Отписка была немаленькой: в ней указывались подробные родословия переселенцев, их службы польскому королю, имения, оставляемые на старом месте. В помощь составлению отписки у подьячего были собственноручные панские челобитные царю, описи имений, выписки из родословных книг и другие свидетельства. Всё это Котошихин сводил в одну обширную запись и к обеду закончил работу, которую дьяк Дохтуров оглядел мельком на предмет помарок и подписался на обратной стороне склеенных листов своим именем. Гришкину руку он знал и в подьяческом деле доверял ему полностью.
Гришка вышел из палатки и сразу почувствовал, что слюны у него во рту сильно прибыло: посольский стан был погружен в запахи наваристых мясных щей и разопревшей гречки с коровьим маслом. Он, долго не думая, скорой иноходью устремился к поварской палатке и был одним из первых, кто успел ухватить глиняную миску, коих всегда был недостаток, и встал в очередь к котлу. Повар мельком на него глянул и, узнав, осклабился: Котошихин в подпитии бывал щедр и, не скупясь, подносил ему чарку. Сегодня повар отдарил его большим куском мяса, а в кашу плеснул масла вдвое больше, чем другим. От питательной сыти Гришка слегка запьянел и, поглаживая округлившееся брюхо, добрел до своей палатки, где раскинулся на постели, расстегнул ворот рубахи, ослабил пояс штанов и, блаженно потянувшись, закрыл глаза.
На посольском стане после обеда любили поспать вволю, это считалось, как и всюду на Руси, делом здоровым и даже богоугодным, ибо давно известно, что сон освобождает душу от земных уз и позволяет ей видеть и райские кущи, и горние пределы. Во сне человеку доступно многое, и Гришке снилось, как он милуется с дочкой «того самого» Исайки, пышноволосой и огненноглазой Сарой, на которую при встрече подьячий заглядывался и даже пытался с ней заговорить, но девка только опаляла его взглядом и, покачивая бёдрами, удалялась прочь от полоротого иноверца. Во сне Сара была не так строга и неприступна, и Гришка был готов торжествовать победу, но в самый решительный миг девка растаяла, как ком снега, а подьячего кто-то ткнул в бок. Он вскинулся с постели, протёр глаза и узрел перед собой стрелецкого капитана Репина.
— Что стряслось? — слабым голосом пролепетал Гришка, чувствуя, как на него обрушился, выхолодив ему нутро, животный страх.
— Тебя требуют к себе великие послы! — выдохнул Репин и железной рукой ухватил подьячего за шиворот. — Твоё, страдник, имя стало ведомо великому государю.
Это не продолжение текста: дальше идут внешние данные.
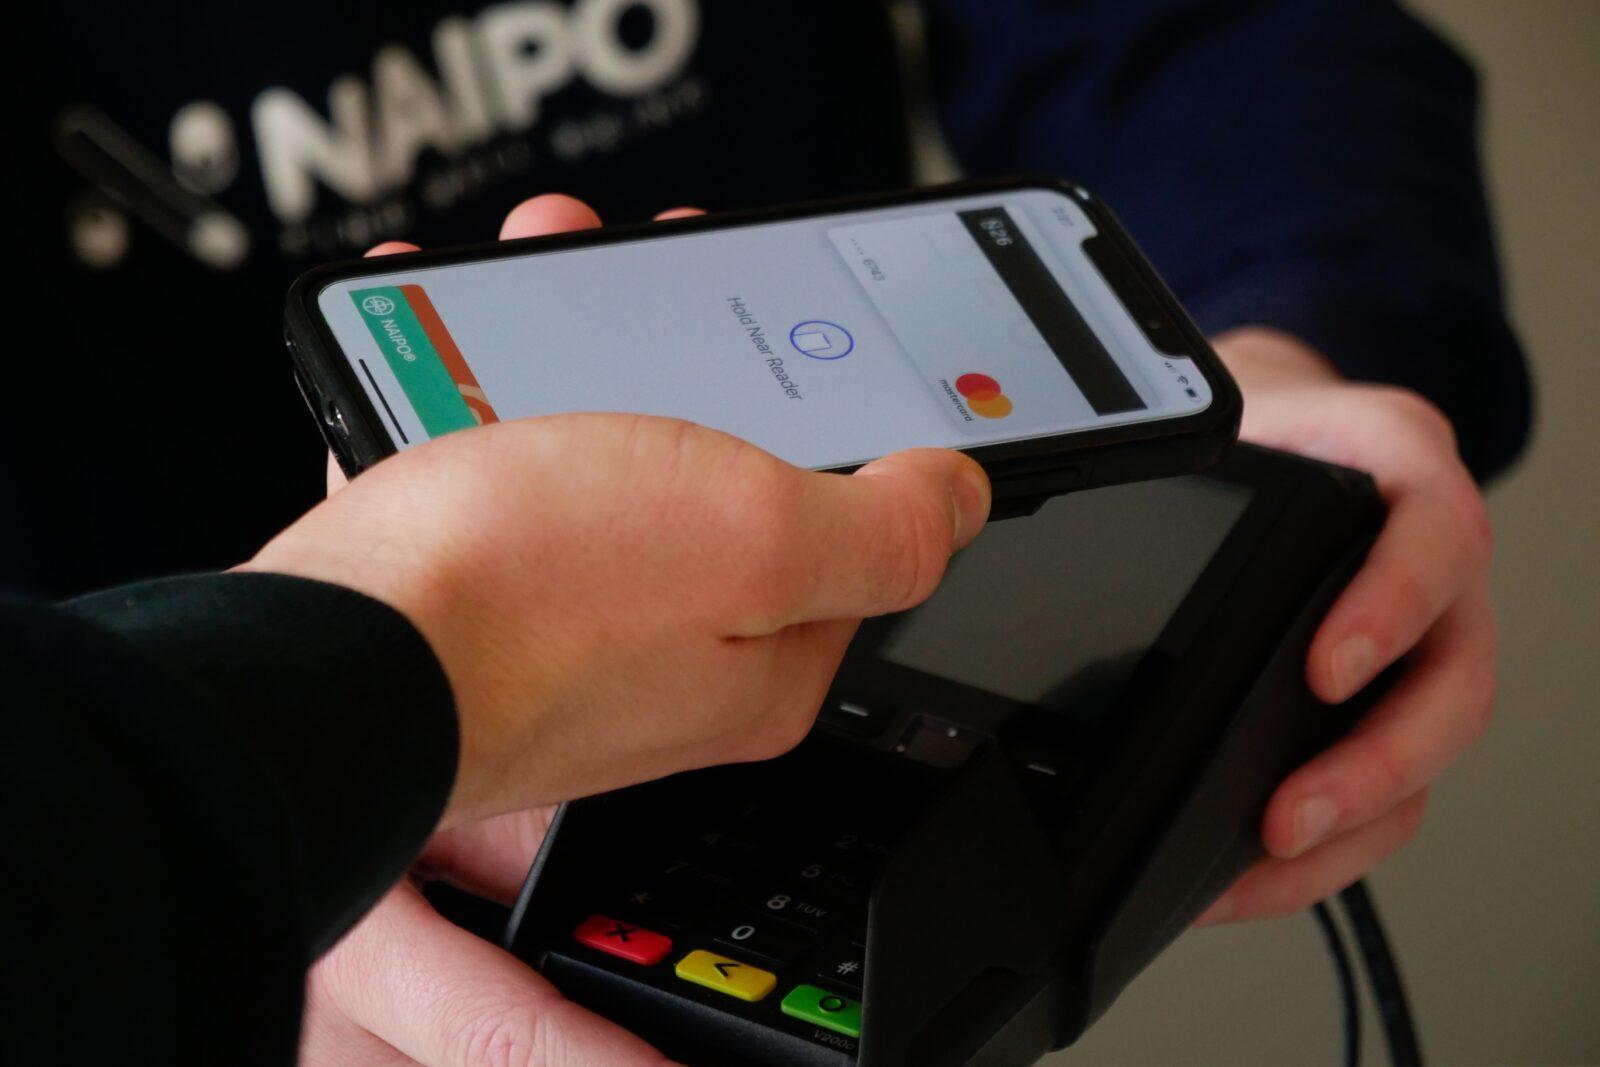 Aplicativos de pagamento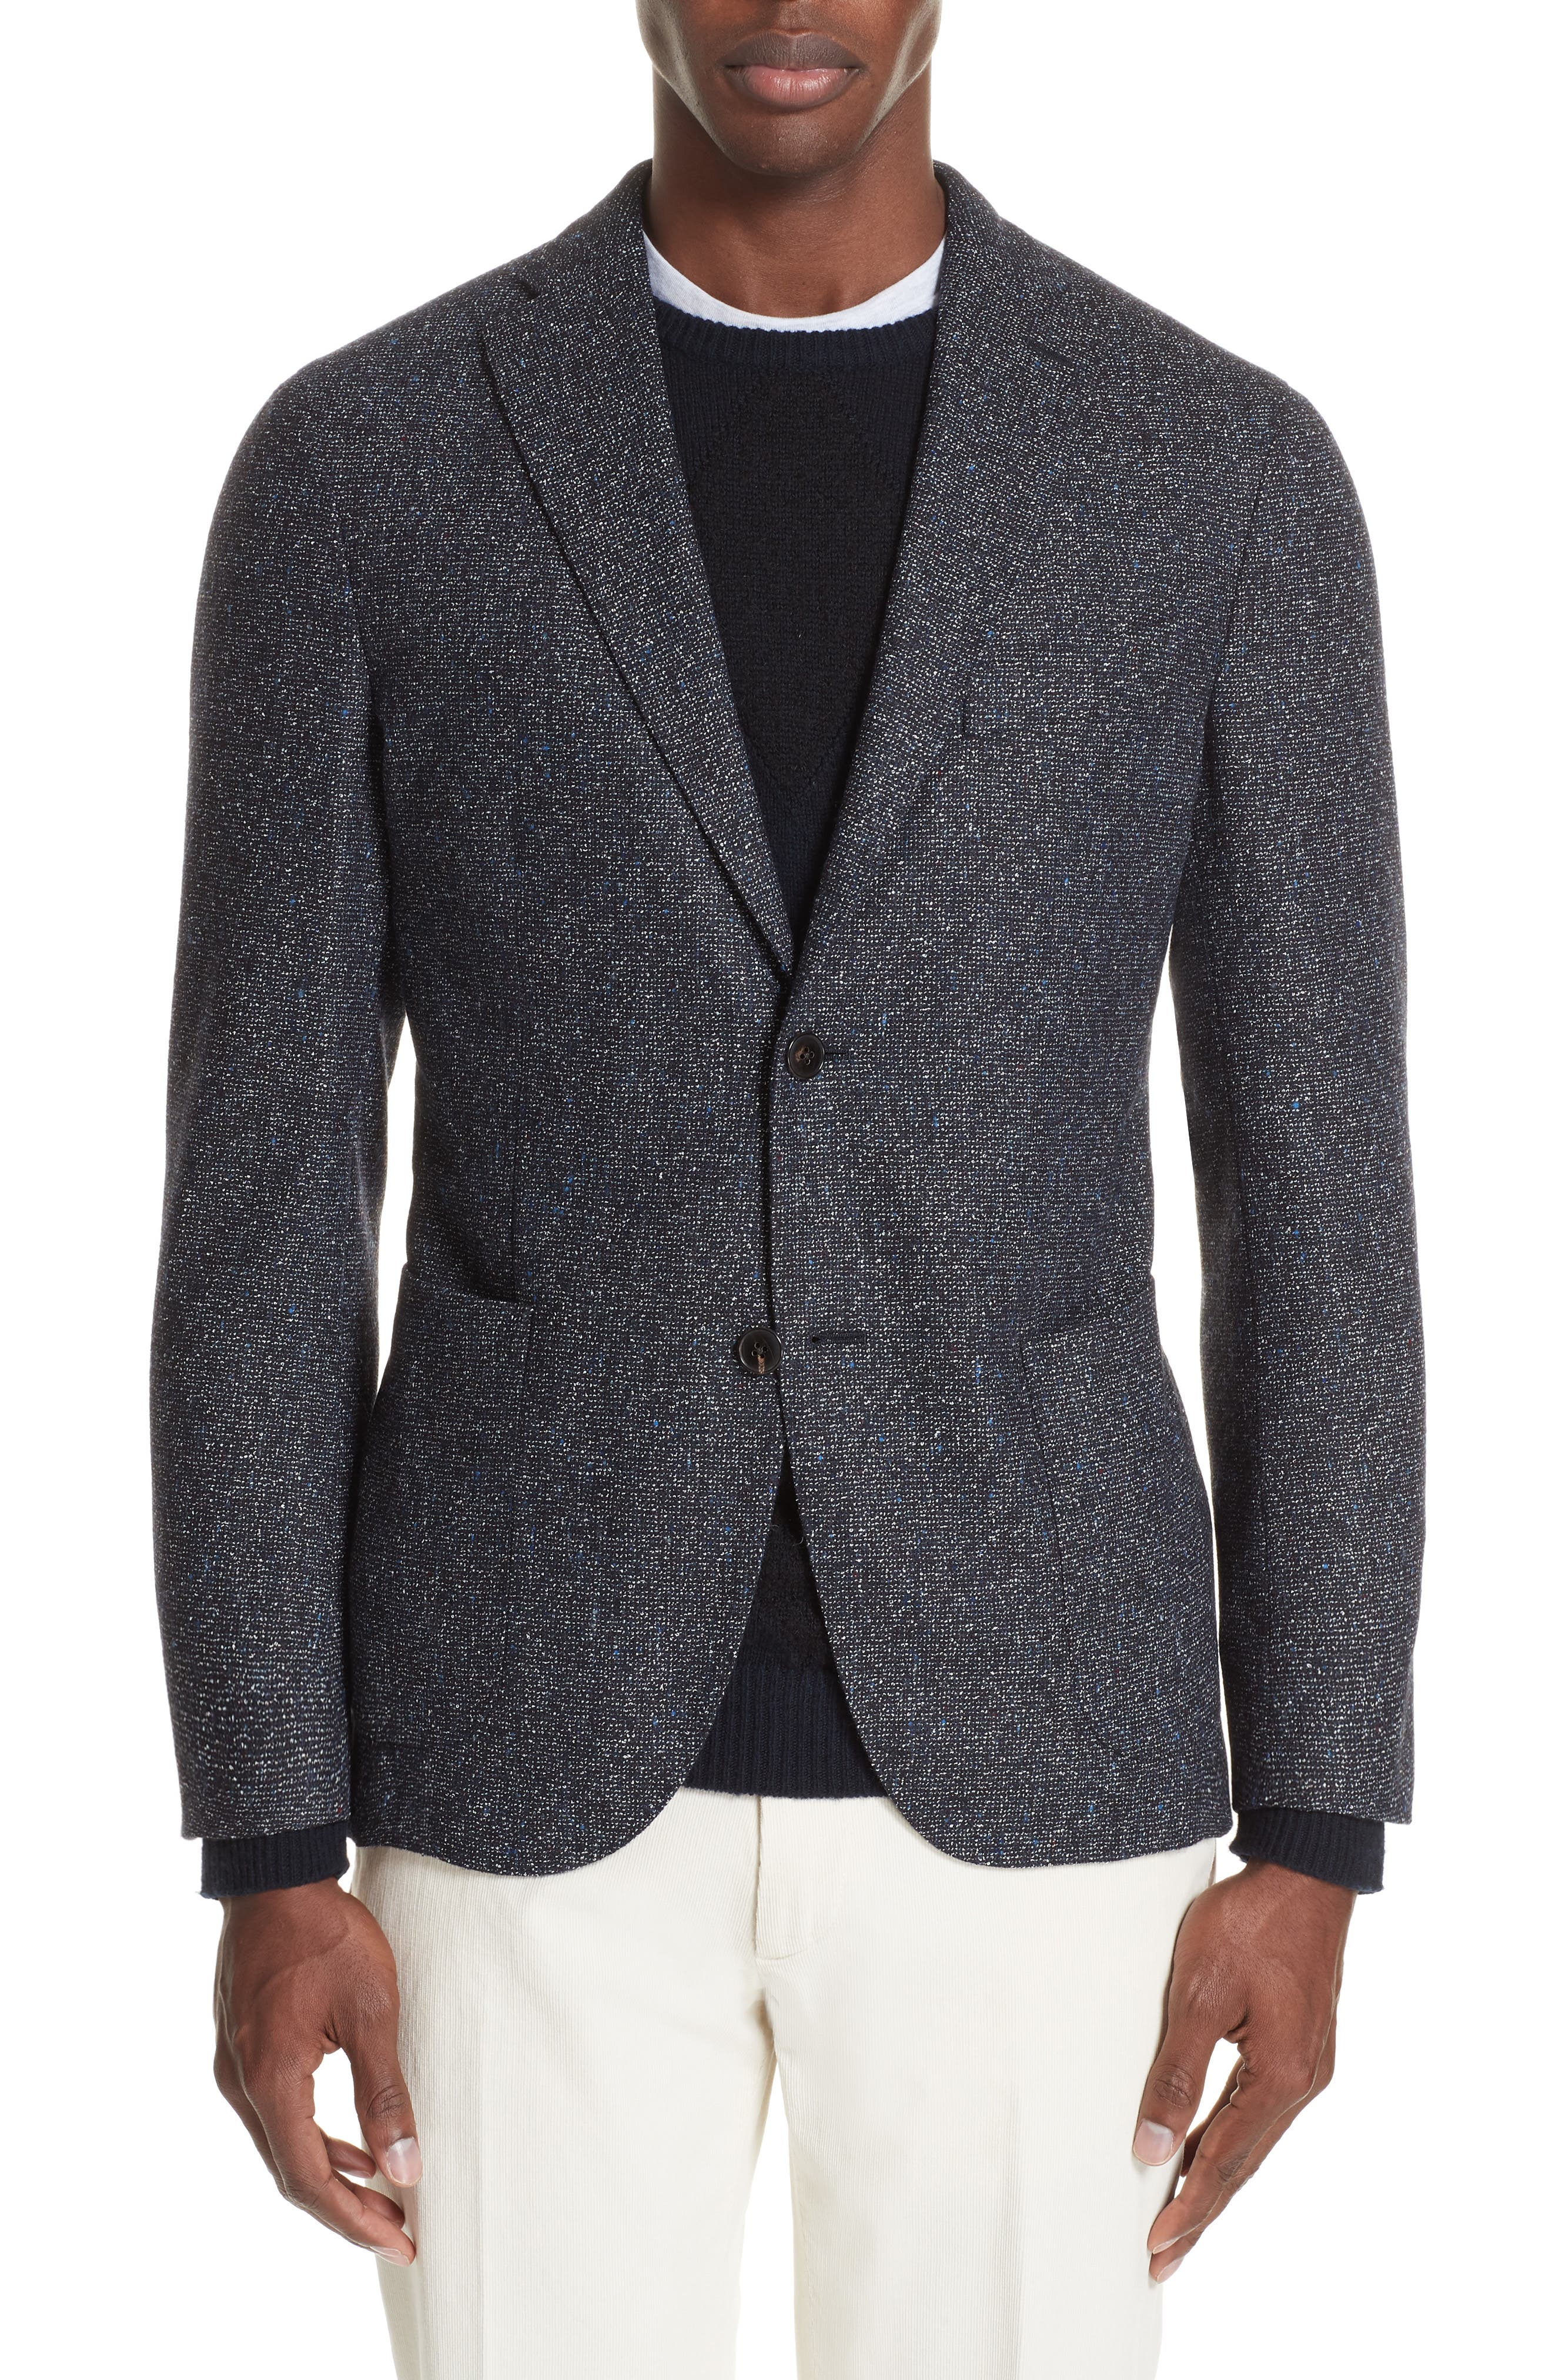 Trim Fit Tweed Wool Blend Blazer,                             Main thumbnail 1, color,                             NAVY

Котошихин вякнул, как уловленный петлёй заяц, и капитан поволок ослабевшего ногами подьячего к палатке Прозоровского, где бросил его под ноги князя ничком на вытоптанную траву.
— Это несть посягатель на государеву честь Гришка Котошихин! — объявил Прозоровский подьячему приказа Тайных дел, Юрию Никифоровичу, который только что прибыл из Москвы с поручениями Алексея Михайловича великим послам.
— Да будет тебе ведомо, лиходей, что ты умалил государев титул, написав «великий» и не написав «государь». Дьяк Алмазов отписывает волю царя: за допущенную ошибку бить тебя в батоги, а число ударов определить нам, великим послам.
Прозоровский глянул на Ордин-Нащекина, но тот стоял, углублённый в свою, только ему ведомую думу, держа в руке полученную от царя грамоту.
— Указано также посольским дьякам с тщанием вычитывать сделанные подьячими отписки, а не подмахивать их своей подписью без проверки.
Посольские дьяки Дохтуров и Юрьев окаменели лицами и жгли поверженного на землю Котошихина огненными взорами. Пропуск ошибки в написании государева титула был для них несмываемой порухой подьяческой чести, которая на Москве никогда не будет прощена и забыта.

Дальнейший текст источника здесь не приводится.